The government of Haryana suspended internet and SMS services in the Karnal district on Thursday. The notice issued by the government stated the section had chances to enter a public emergency, reported by ANI.   

Farmers were sitting on dharna in protest of the police crackdown last month. Haryana police’s lathi charge on the rally on Karnal highway left several farmers injured.

At the Bastar toll plaza, farmers protested against a BJP meeting chaired by the Chief Minister of State Manohar Lal Khattar. The Indian Express published the incident.   

The district administration imposed 144 Section of Criminal Procedure Code in Karnal on September 7 banning public gatherings, published by the Tribune India.  

Politicians criticize the move

Despite explanation by the Haryana government for the move to stop the spread of potential misinformation rumours through social media and SMS services, many people showed opposition to the step.   

The CPI(M) Party also raised opposition against the decision and called it undemocratic.  Shama Mohamed, the National Spokesperson for Indian National Congress, said that the ruling party feared Annadatas (farmers) and underestimated the country’s farmers, sources taken from Twitter.   

Right to the Internet in Constitution  

Laut Legal Services, a law study website, Article 19(1)a) and 19(1)g) of the Indian Constitution protects freedom of speech and expression online. 

In one of the recent judgments, the Kerala High Court ruled that the right to the internet is part of the fundamental right to life and liberty, which comes under Article 21 of the Constitution as the internet plays a crucial role in people’s day to day life and helps in education and knowledge.   

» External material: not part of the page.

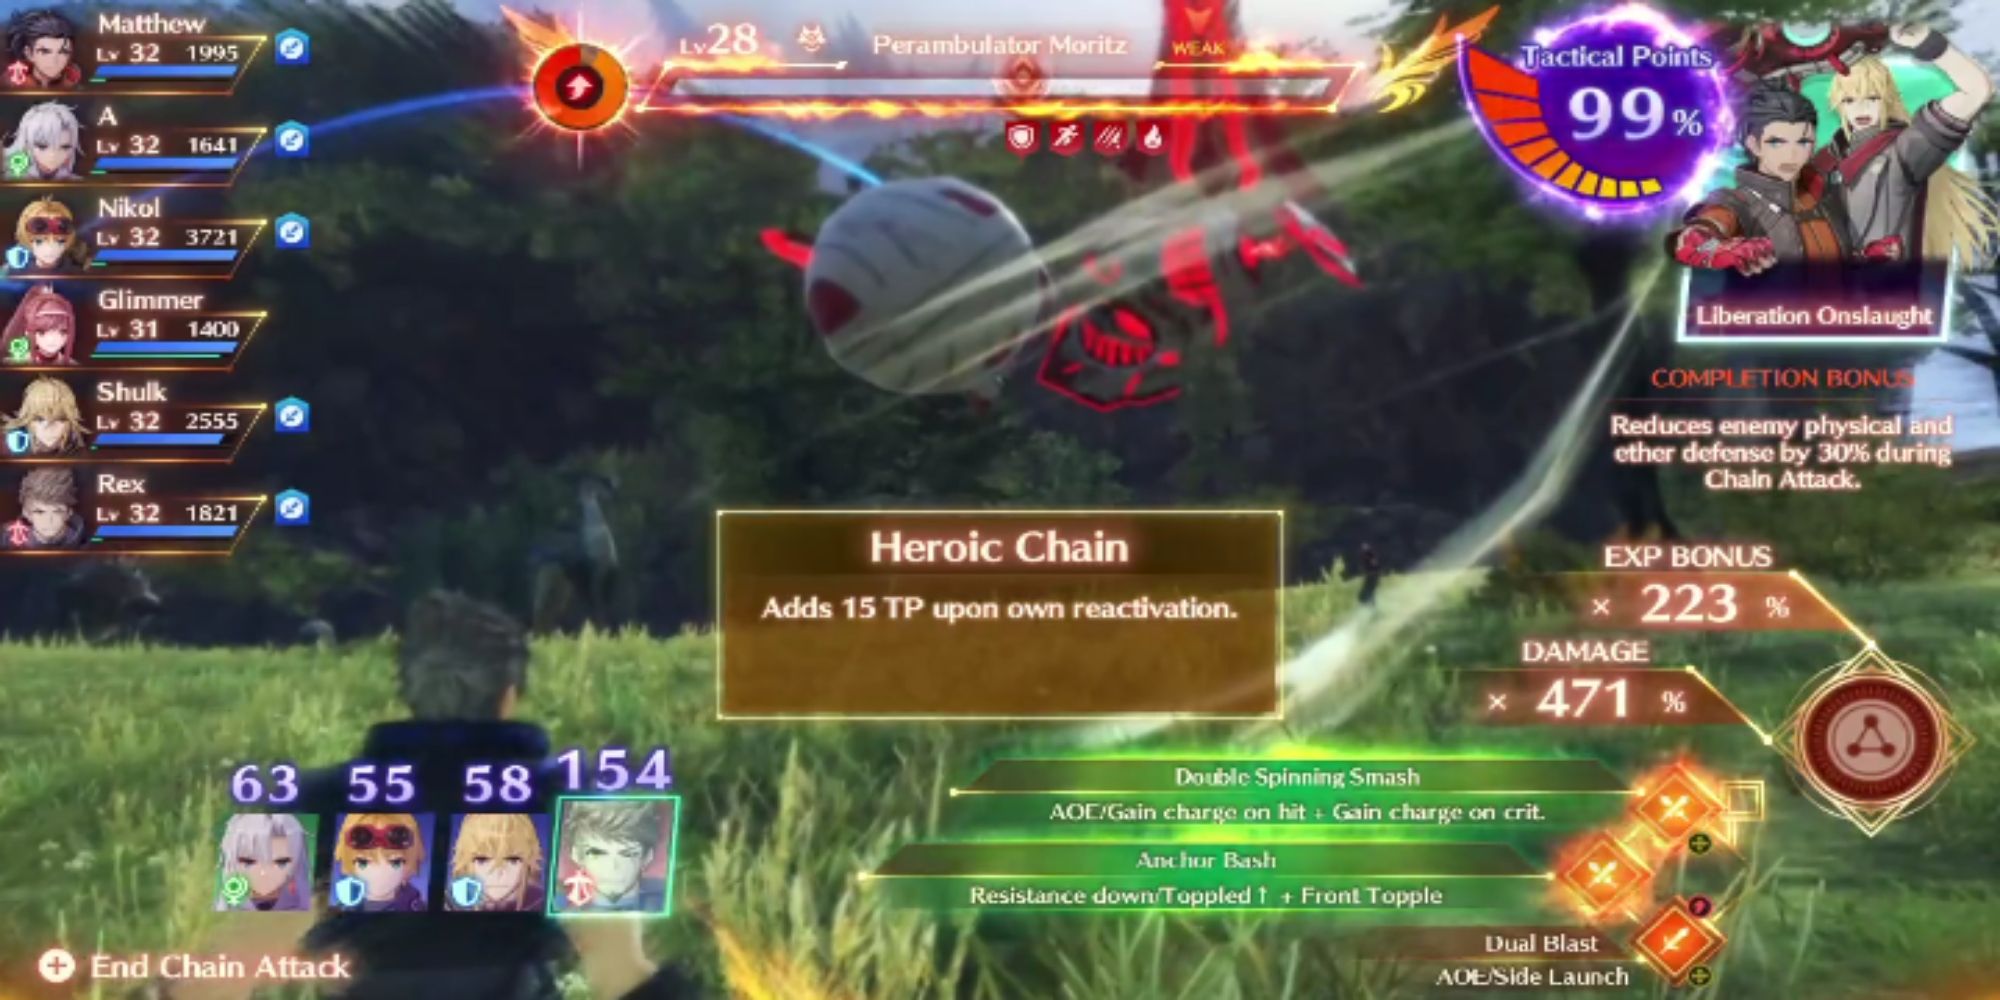 Xenoblade Chronicles 3: Future Redeemed Review — Hot Gamers Only

The judgement passed in the Faheema Shirin v. State of Kerala was published by iPleaders, a blogpost website for law.    

Kashmir shutdowns  

Internet in Kashmir has shut down again after its restoration in the event of the death of Syed Ali Geelani. Inspector General of Kashmir zone, in his statement, said that it was a prudent step. Media Nama published the news.  

Last year, Ehtesham Hashmi, a supreme court advocate, was filed in the Supreme Court, stating that 4G internet access should be a fundamental right.  

In reply to this, the J&K administration denied the right to the internet as a fundamental right. The affidavit issued by the administration even mentioned that the security and integrity of the country are of utmost importance, the Hindustan Times reported. 

Internet shutdowns in India   

Despite Articles 14, 19 and 21 included in the Golden Triangle of the Indian Constitution, India saw the world’s highest number of internet shutdowns in 2020. Out of 155 shutdowns, India recorded 109 internet shutdowns last year, reported by India Today. According to Access Now, India registered a complete internet blackout 28 times.